DYRK1A phosphorylates TSC2 at T1462 in vitro, and RHEB overexpression rescues mTORC1 activity in cells.

(A) An in-vitro kinase assay was performed using DYRK1A and kinase-dead DYRK1A (K188R) that were purified from bacteria. Flag-TSC2 and HA3-TSC1 were co-expressed in HEK293 cells and purified using a combination of (1:1) of HA and Flag beads. Beads were equilibrated with kinase assay buffer before the reactions were initiated on beads. After incubation for 30 min at 30°C, reactions were stopped by the addition of SDS loading buffer. Since bacterially purified DYRK1A is autophosphorylated, it exhibits a fuzzier signal, whereas kinase-dead DYRK1A is incapable of phosphorylation and appears as a sharp signal. (B-C) RHEB overexpression partially rescues the size of HEK293 cells. HEK293 cells were first transduced with shRNA lentivirus targeting DYRK1A or control and selected with 1 ug/ml Puromycin for three days, after which they were re-transduced with lentivirus expressing Flag-RHEB. The concentration of Puromycin was raised to 2ug/ml for the next 48 hours in order to select for the second round of transduction. (B) shows knockdown efficiency of DYRK1A and overexpression of RHEB. (C) Lower panel shows cell size analysis. Data represent the mean ± SD (n=3 biological replicates). Student’s t-test was done to compare samples. Significant difference in p value = * (p < 0.05)

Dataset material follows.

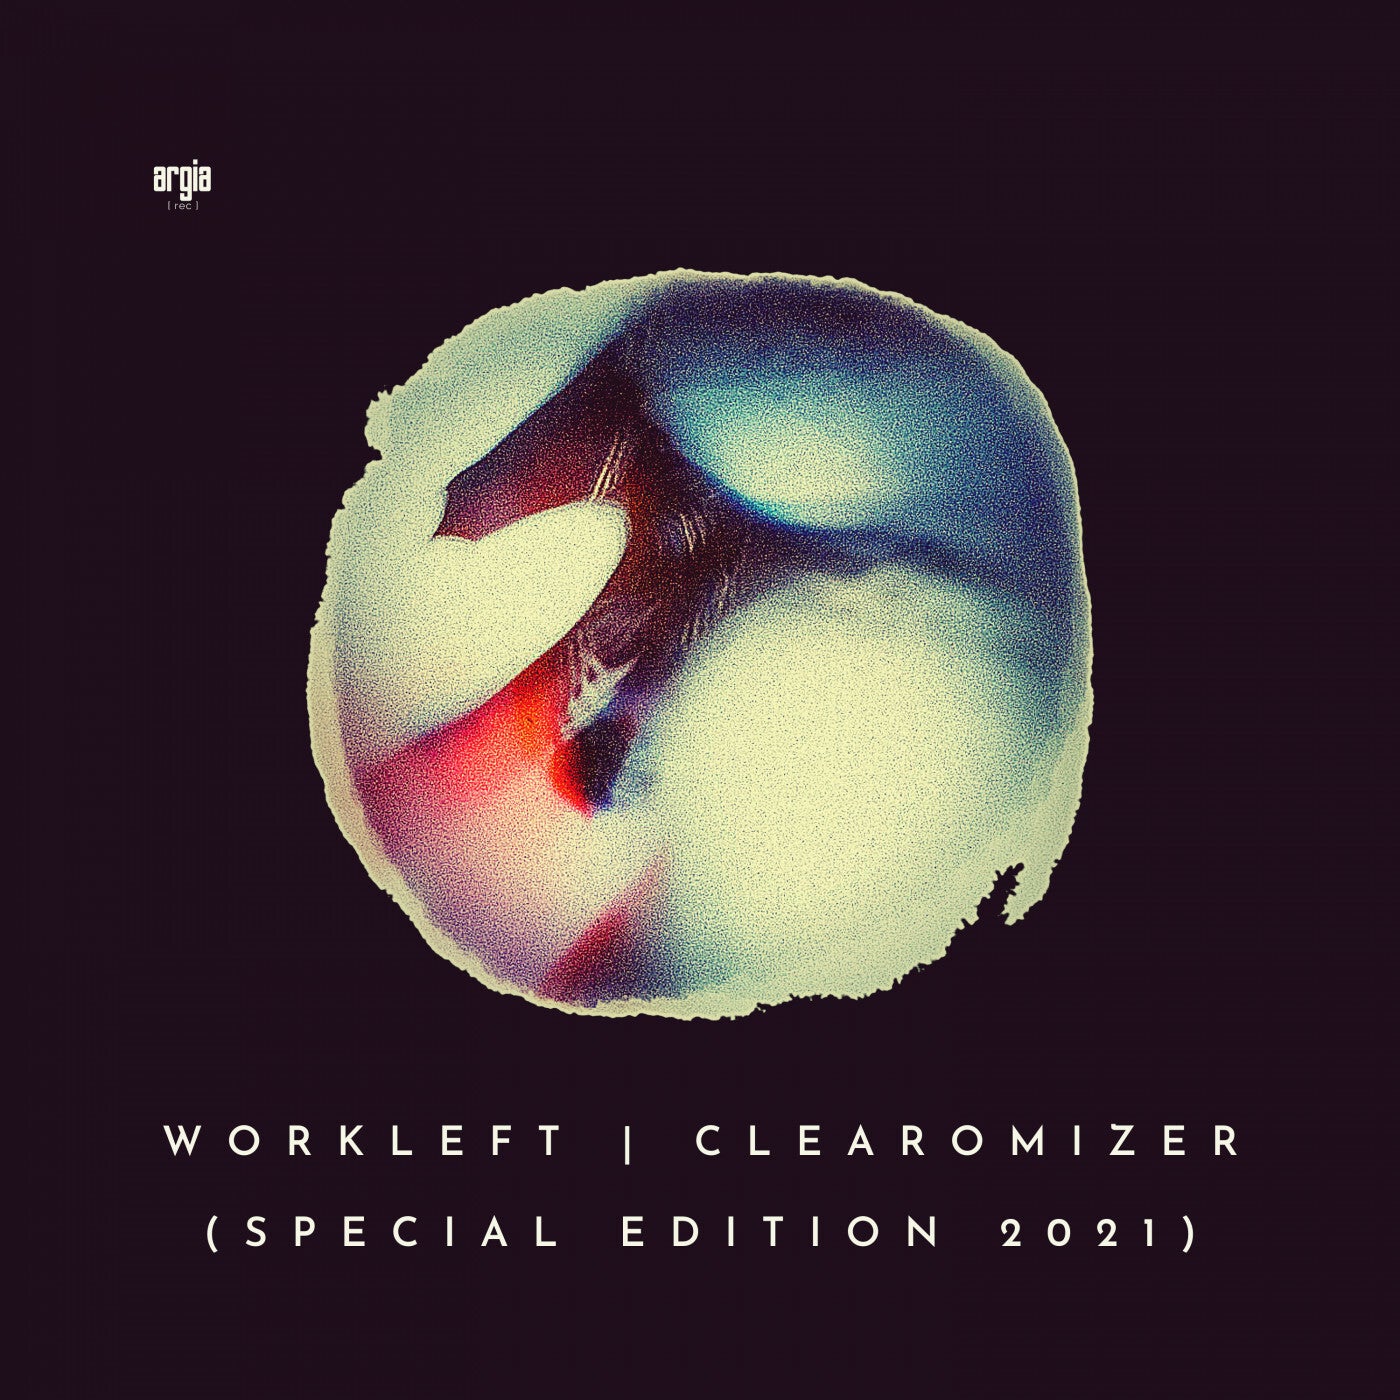 Clearomizer (Special Edition 2021)

mnb mutant phenotype can be rescued by TOR activation in flies.

(A-F and J-L) 3rd instar larval NMJ (muscles 6/7) were stained using anti-HRP (Green) and anti-Dlg (Red). Muscles are stained with phalloidin (Blue, A-F). HRP (green) stains the entire neuron and Dlg (red) stains only boutons (Red+Green). (G-I, M) Quantification of bouton numbers, normalized to muscle area (Bouton-NMA). Error bars represent standard deviation. Statistical significance (p-values: *** < 0.001; ** < 0.01; * < 0.05) is calculated by unpaired student’s t-test. (A, B, G) mnb1 alleles show fewer boutons numbers as compared to wild-type (WT, Canton S) control (B). Data are quantified in G. (C, D, H) mnb overexpression (D42-Gal4>UAS-mnb, D) increases bouton numbers as compared with mCherry overexpression (D42-Gal4>UAS-mCherry, Control, C). D42-Gal4 is a motor-neuron specific driver. Data are quantified in H. (E, F, I) Rheb overexpression (D42-Gal4>UAS-Rheb, F) increases bouton numbers as compared with mCherry overexpression (D42-Gal4>UAS-mCherry, Control, E). Data are quantified in I. (J-M) Rheb overexpression in mnb mutant (mnb1/Y D42-Gal4>UAS-Rheb, L) suppressed bouton phenotype as compared to mnb mutant (mnb1/Y D42-Gal4/+, K). Wild type is heterozygous D42-Gal4 (+/Y; D42-Gal4/+, J). Data is quantified in M.